Enterprises have too much data, too many systems, too many dashboards, too many metric definitions and too many edge cases. A small team can manually define the top 20 metrics. Maybe the top 100. But enterprise AI needs much more than that. It needs to understand the full structured data estate, including cloud and on-prem systems, old and new platforms, BI and warehouse layers, operational systems and the business workflows around them.
This is where auto-generated semantics become necessary.
Not because an LLM should blindly invent your business definitions. That would be a terrible idea. Anthropic is right to point out that auto-generated metric definitions can look plausible while preserving the exact ambiguity you were trying to remove.
The answer is not “let the model guess.”
The answer is to generate semantics from the enterprise’s existing evidence: actual queries, dashboards, lineage, metadata, transformations, documentation, usage patterns, tickets and business context. Then score that evidence, reconcile conflicts, surface uncertainty and let humans review, approve and own the definitions.

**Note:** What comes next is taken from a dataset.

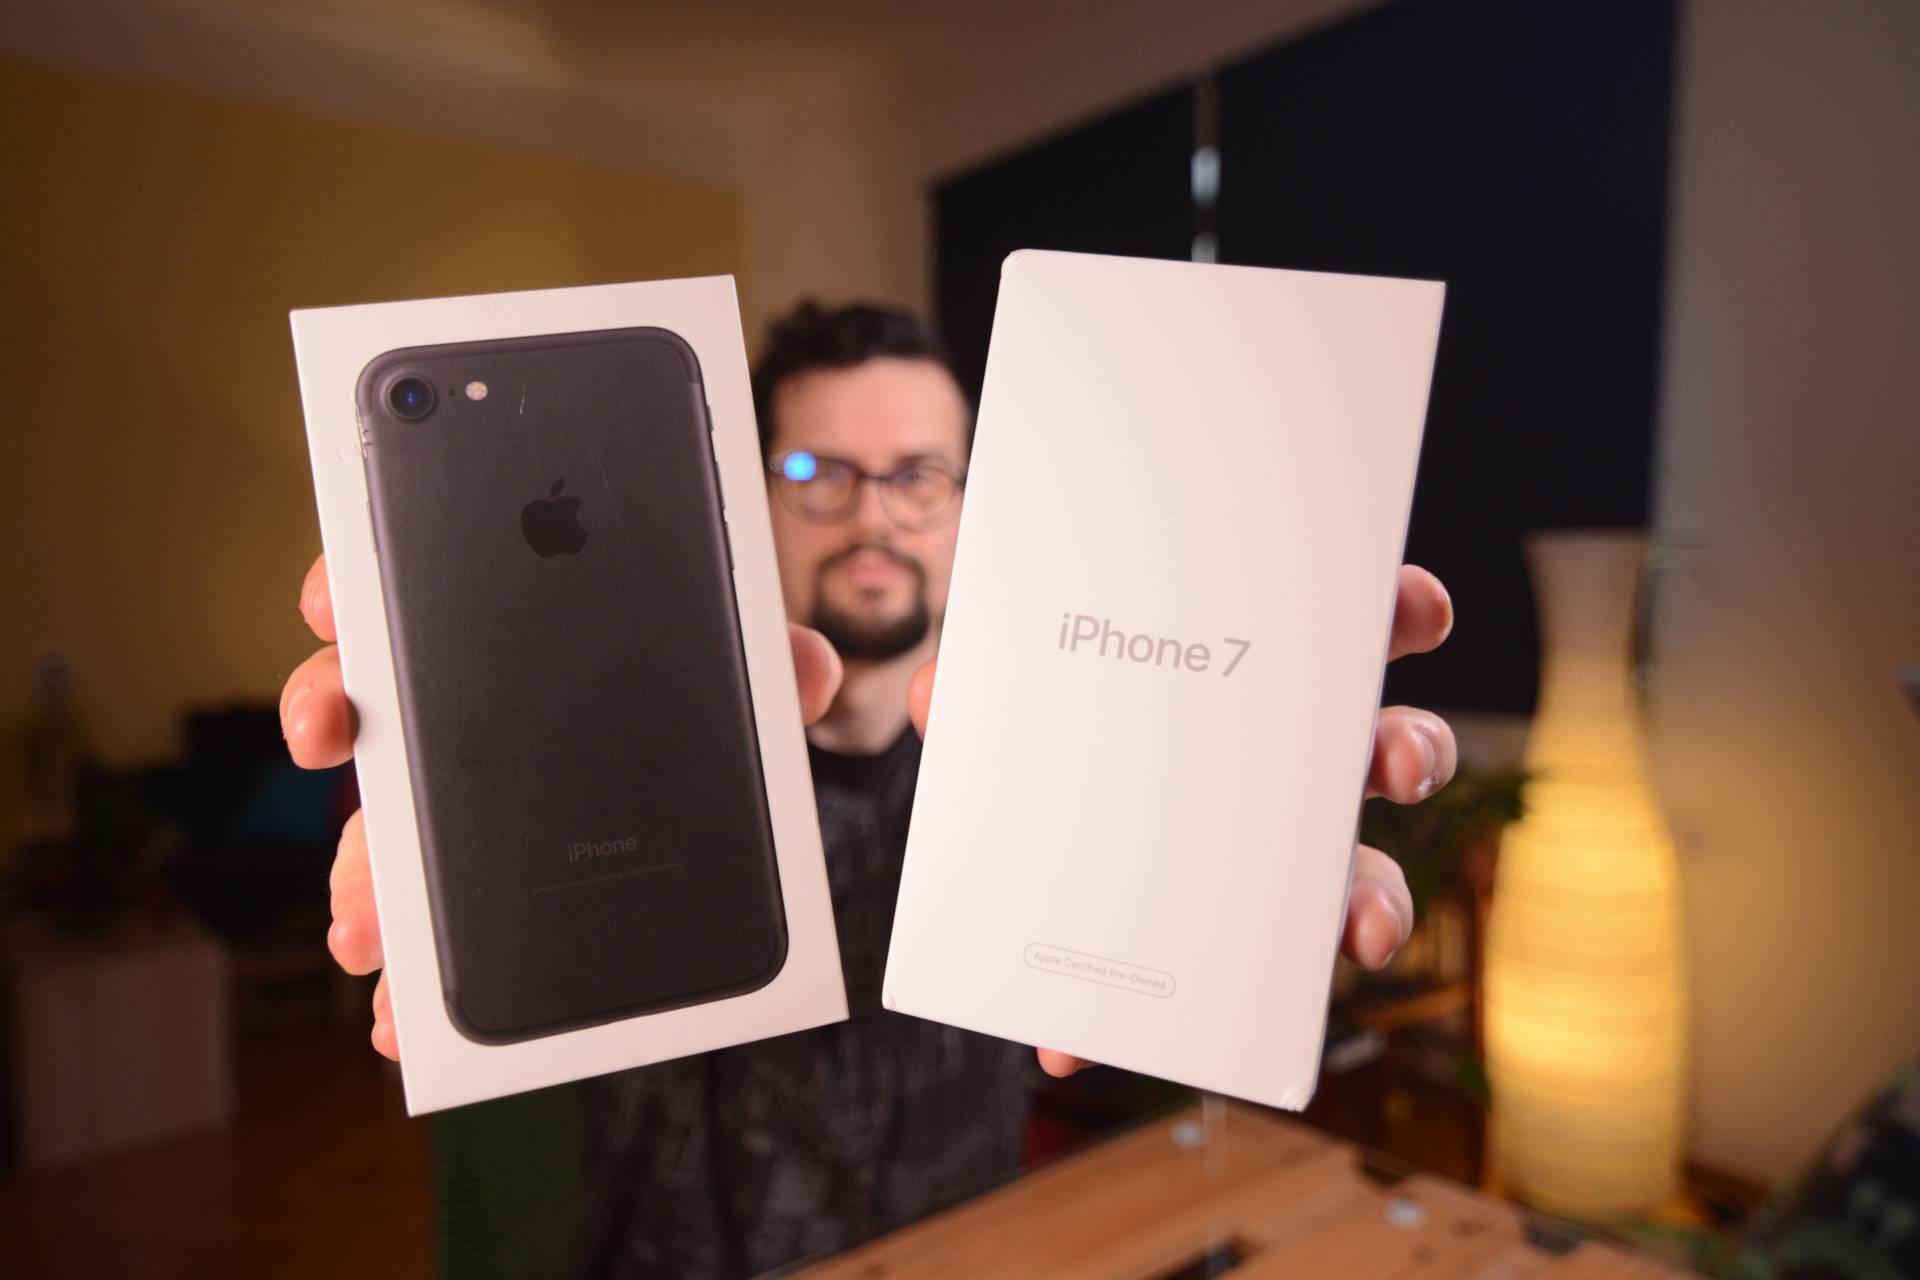 Refubished od Apple alebo originál? Porovnali sme to v novom videu s iPhonom 7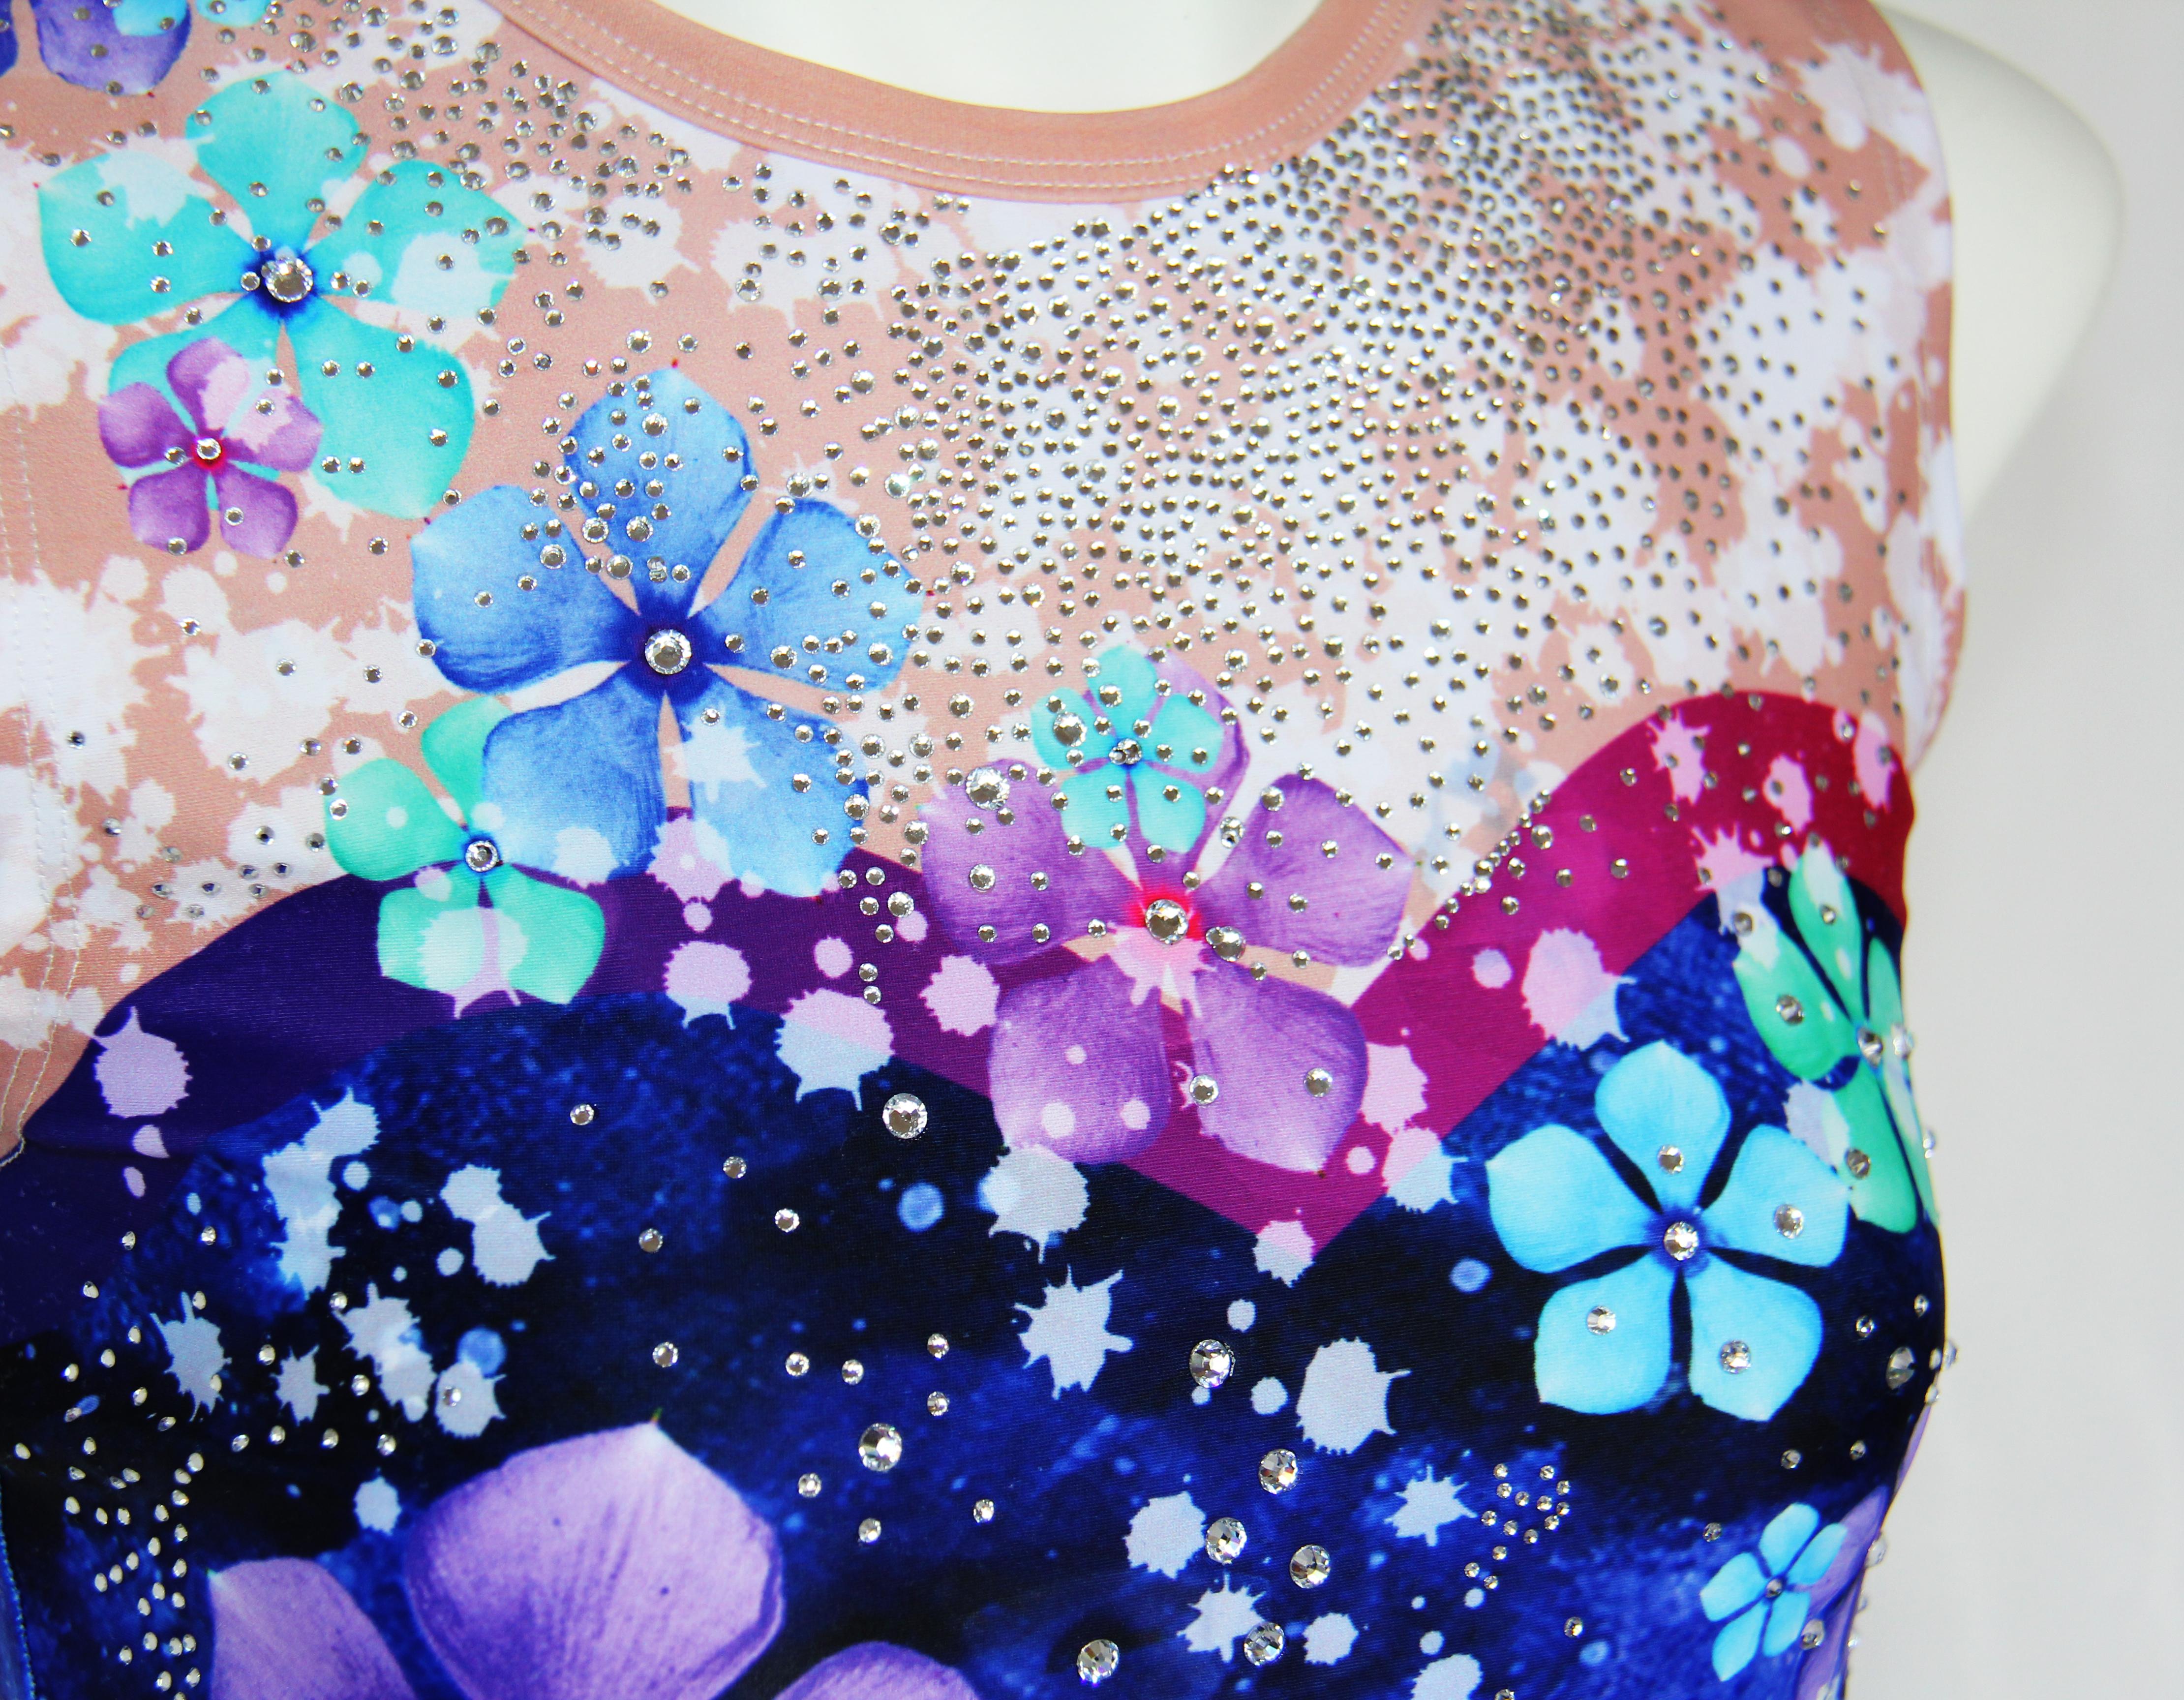 Dancing Butterflies & Flowers  in the Cosmo! 2

That is very different from asking AI to hallucinate a metric layer from raw tables.
But building an automated ain’t easy (we should know…)
A heavily used executive dashboard connected to a curated model is a strong signal. A random query from three years ago is a weak signal. A dbt model with tests and lineage is a strong signal. A stale dashboard nobody opens is probably not. A ticket explaining why a metric changed last quarter may be more useful than a column description written five years ago.
The semantic layer should learn from all of this.
And it should keep learning, because the business keeps changing.
This is where Solid is leading.
Solid was built around the belief that enterprise AI needs an enterprise-wide semantic foundation. Not a narrow layer inside one warehouse. Not a semantic model locked to one BI tool. Not a manual spreadsheet of metric definitions. A semantic layer that spans the full structured data set of the enterprise, across cloud and on-prem systems, and connects technical metadata with business meaning.
That is the future Snowflake, Anthropic and Salesforce are all pointing toward.
Snowflake is saying agents need context. Anthropic is saying analytics needs trusted mappings between questions and data models. Salesforce is saying agentic AI needs a semantic layer.
We agree.
We would just add one more thing: in the enterprise, that semantic layer has to be generated, continuously maintained and connected to the full data estate. Otherwise it becomes another partial artifact that starts clean and slowly drifts away from reality.
AI will not succeed in the enterprise by guessing what the business means. It will succeed when it has a trusted semantic foundation.
That is what we’ve been saying for over a year. And that is what Solid is building.